US gardener survives being impaled in eye with shears

Doctors rebuilt Leroy Luetscher's eye socket with a titanium plate

An 86-year-old US man impaled through the eye socket with pruning shears in a freak gardening accident is expected to make a full recovery, doctors say.

Leroy Luetscher said he had been trimming plants in his yard in Arizona last month when he lost his balance and fell on the tool.

One handle of the shears went into his right eye socket and down to his neck, leaving the other resting on his face.

Surgeons were able to remove the shears and save Mr Luetscher's eye.

He dropped the tool, which landed point downward, while working in his backyard on 30 July.

'Lucky'

When the Wisconsin native bent down to pick up the shears, he fell face first and one handle impaled his right eye socket underneath his eyeball.

After the accident, the retired dairy industry executive managed to walk back into his home and ask his partner to call for help.

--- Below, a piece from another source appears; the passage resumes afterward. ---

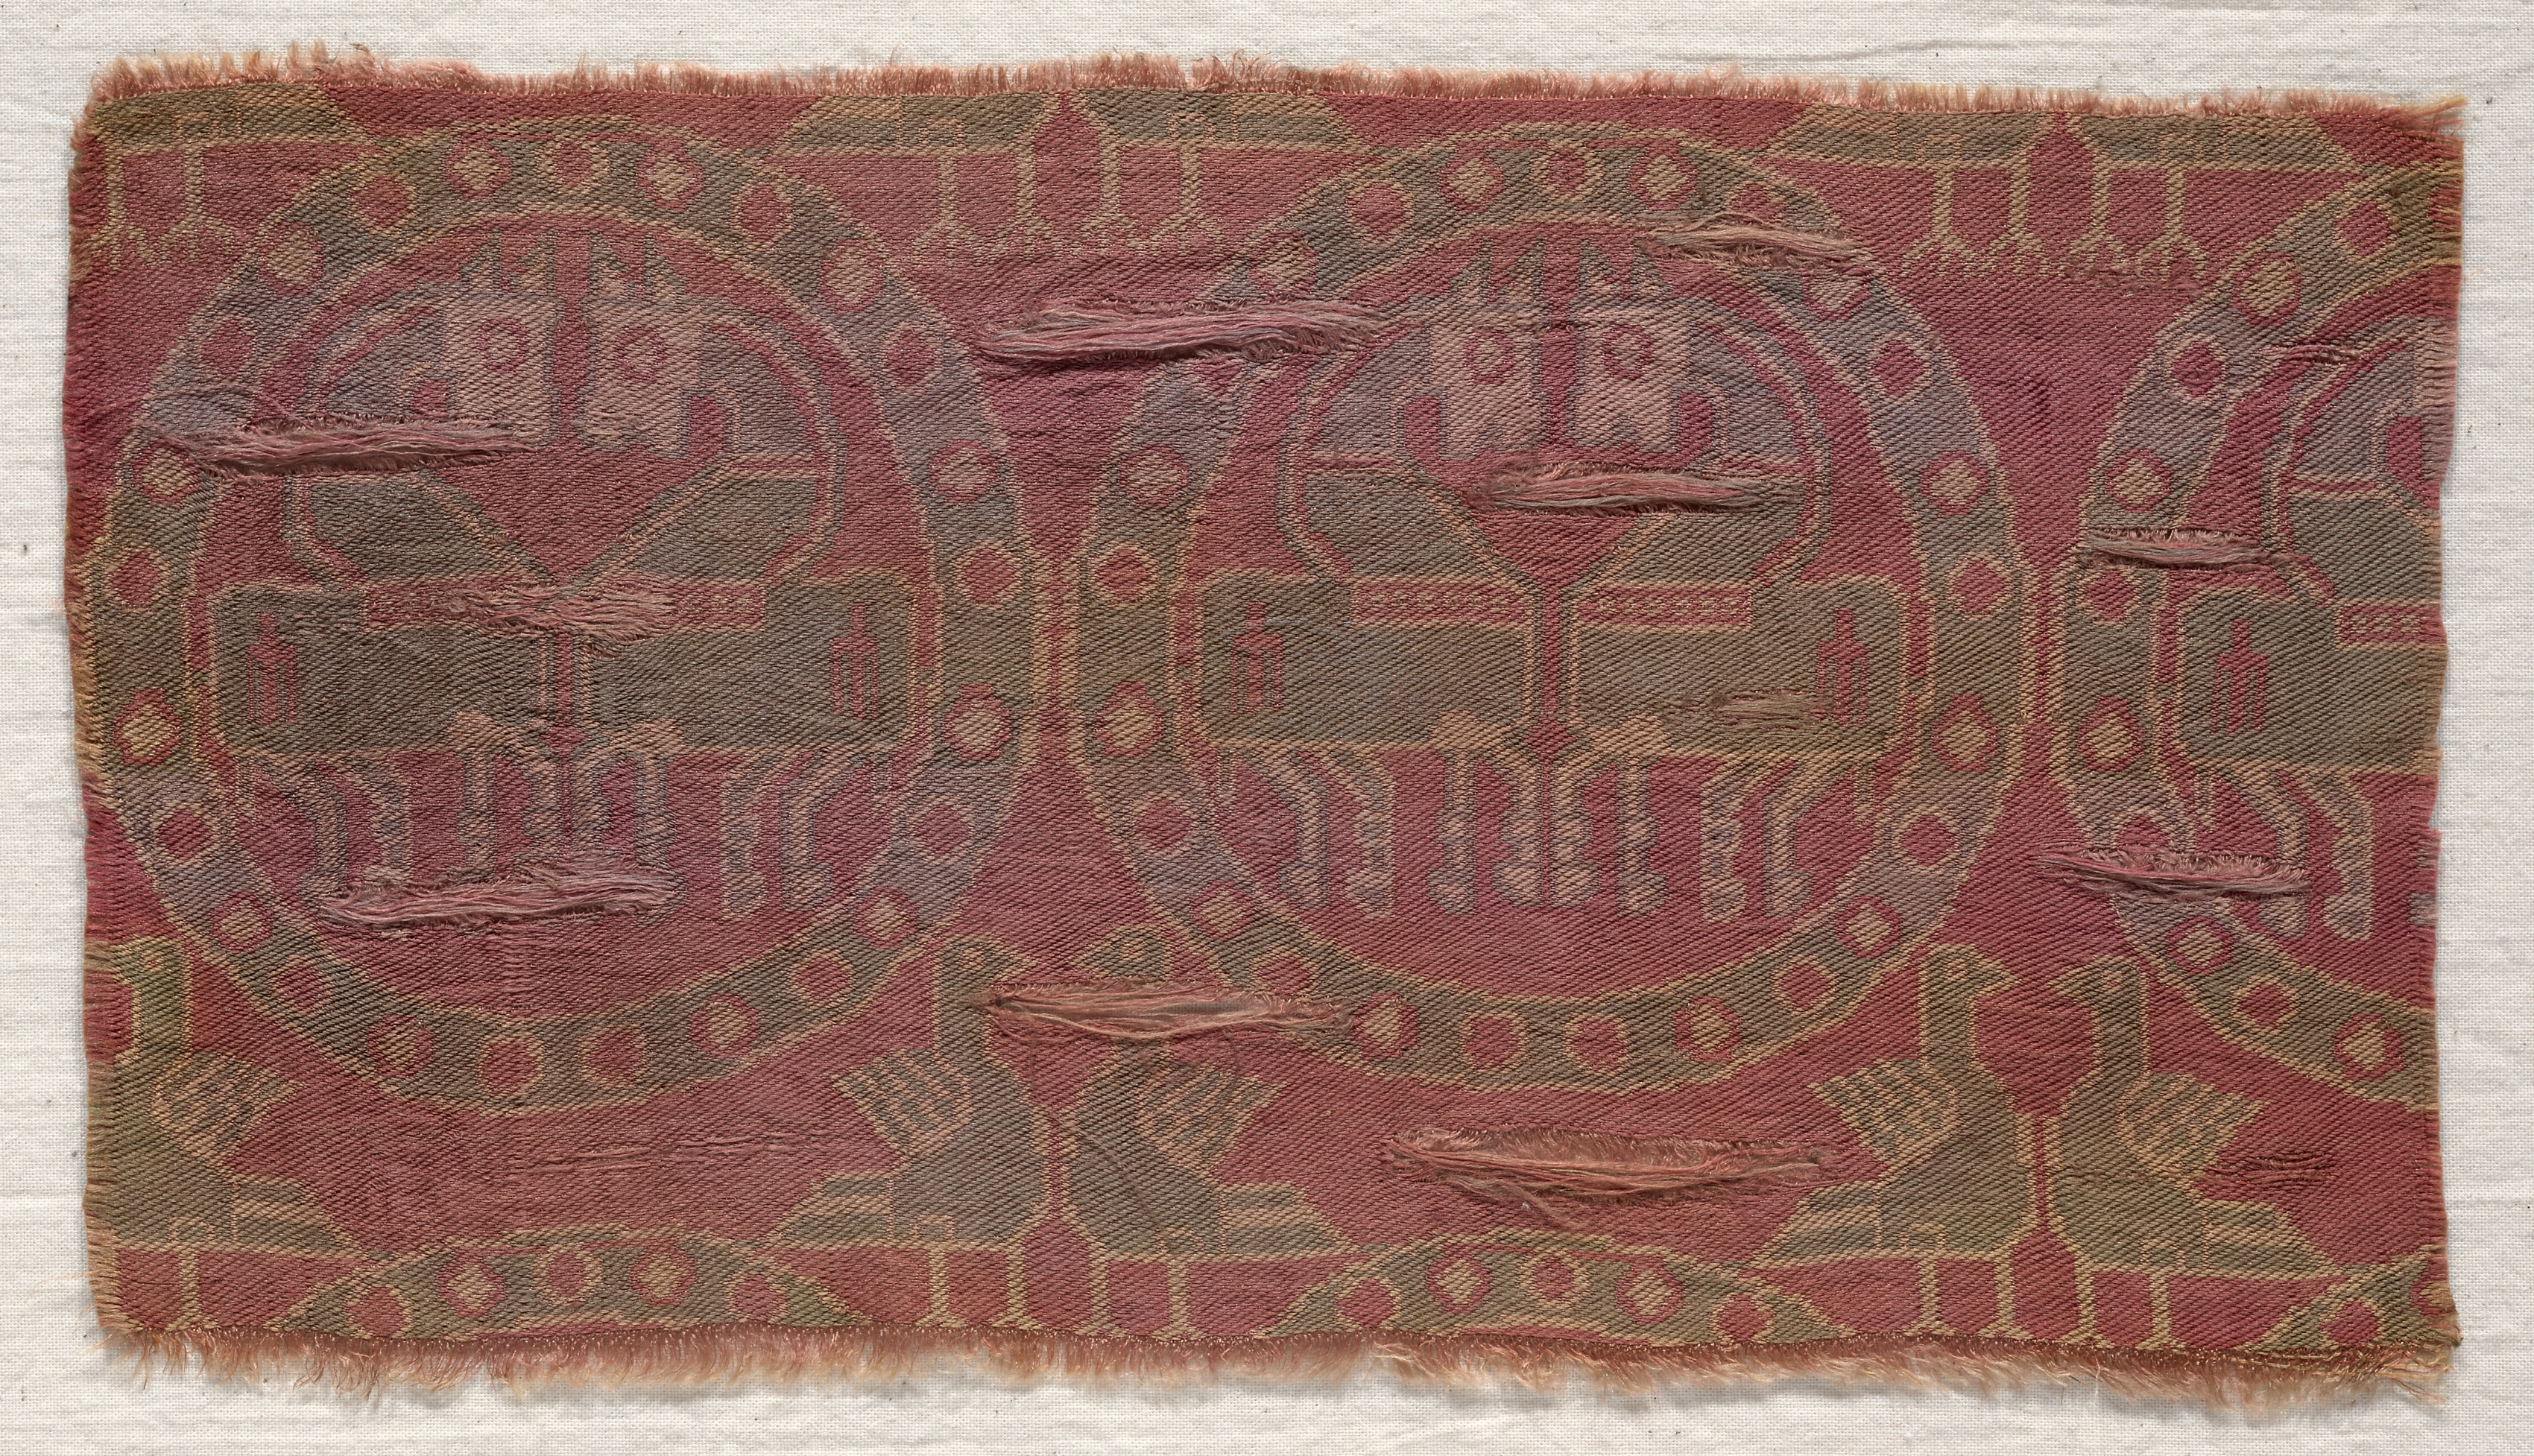 Copy of a Persian Textile

Leroy Luetscher stands outside his home in Green Valley, Arizona, on 30 August 2011 Leroy Luetscher has only some swelling under the right eye remaining from his injury

He said he is lucky to be alive.

"I didn't know if my eyeball was still there or what," Mr Luetscher told the Associated Press news agency. "I never had pain like that in all my life."

Lynn Polonski, a clinical assistant professor of ophthalmology, said the end of the handle inside Mr Luetscher's neck was resting on his external carotid artery.

The medical team made incisions underneath Mr Luetscher's right upper lip and sinus wall, allowing them manually to loosen the handle of the shears.

"Once we were able to loosen it up, it went fairly easily," Dr Polonski said.

The only injuries that remained from the accident after surgery were swelling and minor double vision in the affected eye, the University Medical Center in Tucson said in a news release.